Зимовка на «Торосе» - Алексеев Николай Николаевич. Страница 20
Явная неудовлетворительность картографии этого района сделалась совершенно очевидной после рейса «Седова». Выполнив проводку судов, пароход занялся сменой зимовщиков на полярных станциях, и, таким образом, его первоначальная задача по работам в море Лаптевых была совершенно исключена. Приняв к себе на борт зимовщиков с мыса Челюскина, островов «Комсомольской Правды» и устья реки Таймыра и проверив состояние станции на острове Русском, «Седов» принялся за гидрографические работы в архипелаге. На помощь к себе им и был вызван «Торос».
Пока мы шли от Диксона до пролива Фрама, с острова Русского пришло ошеломляющее сообщение о том, что там на полярной станции обнаружены больные цынгой. Можно себе представить недоумение врача с «Седова», который только что осматривал всех зимовщиков и не обнаружил среди них никакого даже намека на цынгу. Вообще эта страшная болезнь Арктики ныне совершенно исключена из наших полярных пределов. Можно допустить, что в силу каких-либо неблагоприятно сложившихся обстоятельств цынга может поразить кого-либо из зимовщиков, но встретить цынгу летом у людей, которые только что прошли медицинский осмотр и не обнаружили признаков заболевания, было делом более чем непонятным.

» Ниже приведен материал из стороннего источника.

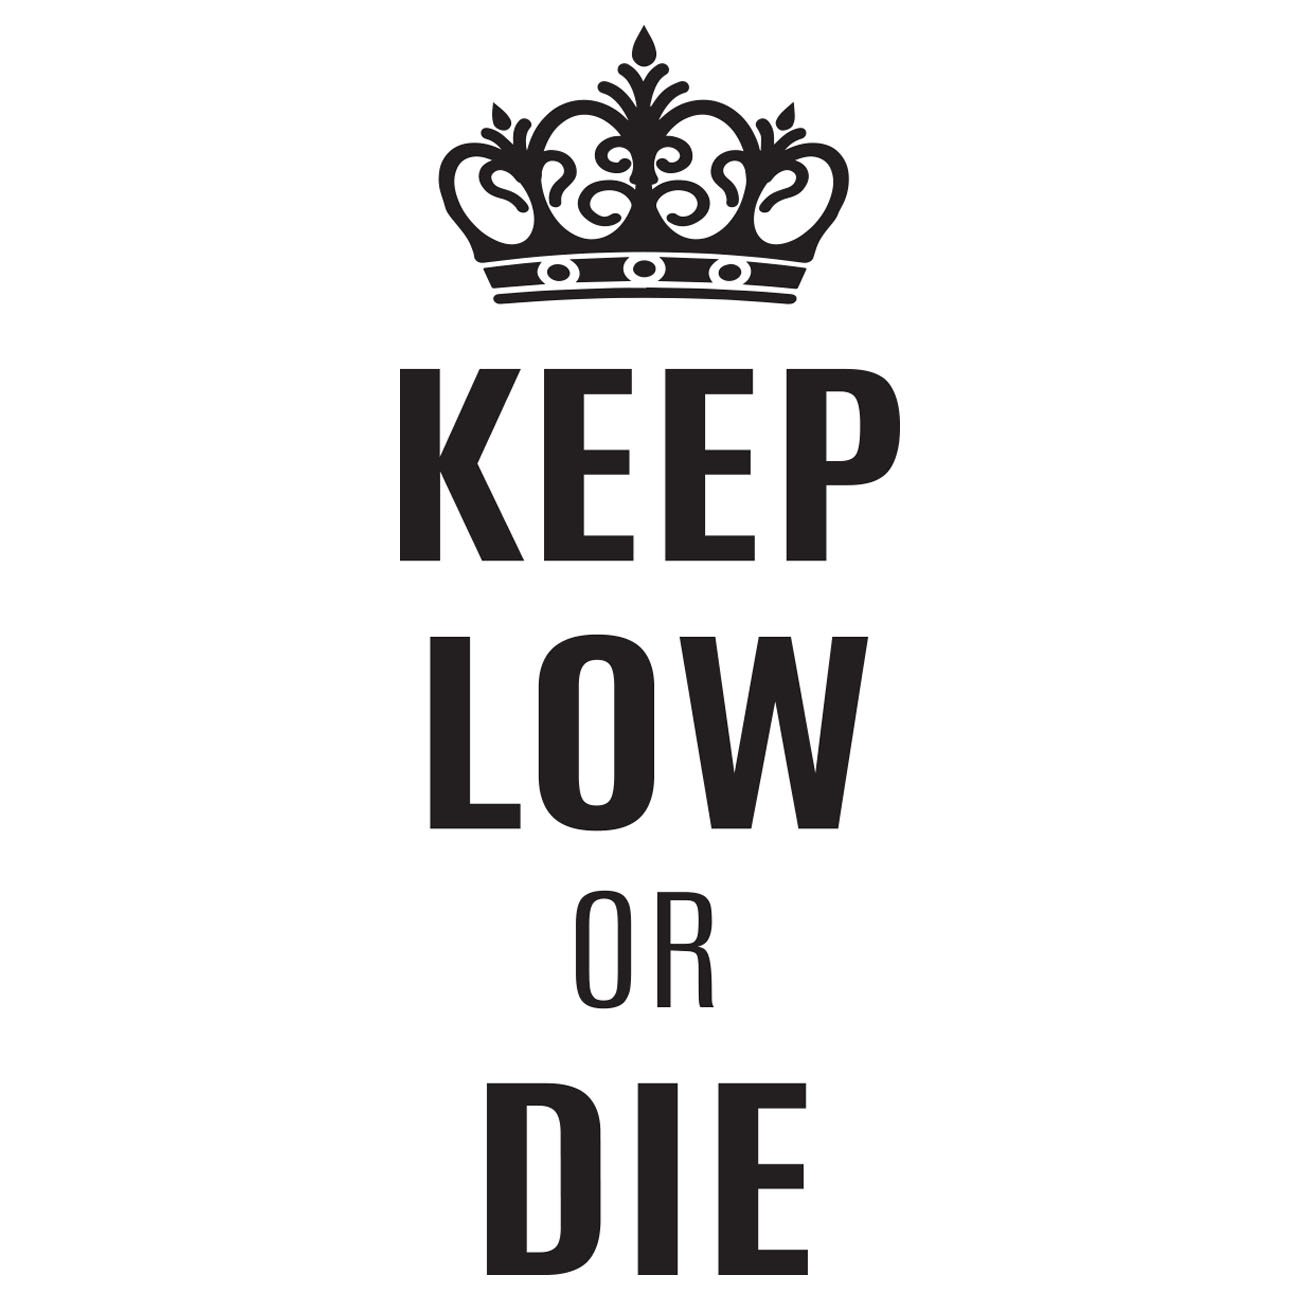 Keep low or die

«Седов», убедившись, что в оставшийся до окончания навигации срок закончить гидрографическое обследование архипелага будет нельзя, решил выполнить только рекогносцировочные работы в проливе Матисена. «Торосу» было предложено начать систематические работы по обследованию архипелага вообще, для чего необходимо было остаться здесь на зимовку. Весной 1937 года в архипелаг предполагалось направить второе гидрографическое судно для окончания всех работ. Необходимо заметить, что, так как экспедиция на «Торосе» совершенно не предназначалась для выполнения комплексных гидрографических работ, в нашем составе отсутствовали геодезисты и топографы. Этих специалистов решено было прислать к нам на зимовку ранней весной с специальным самолетом.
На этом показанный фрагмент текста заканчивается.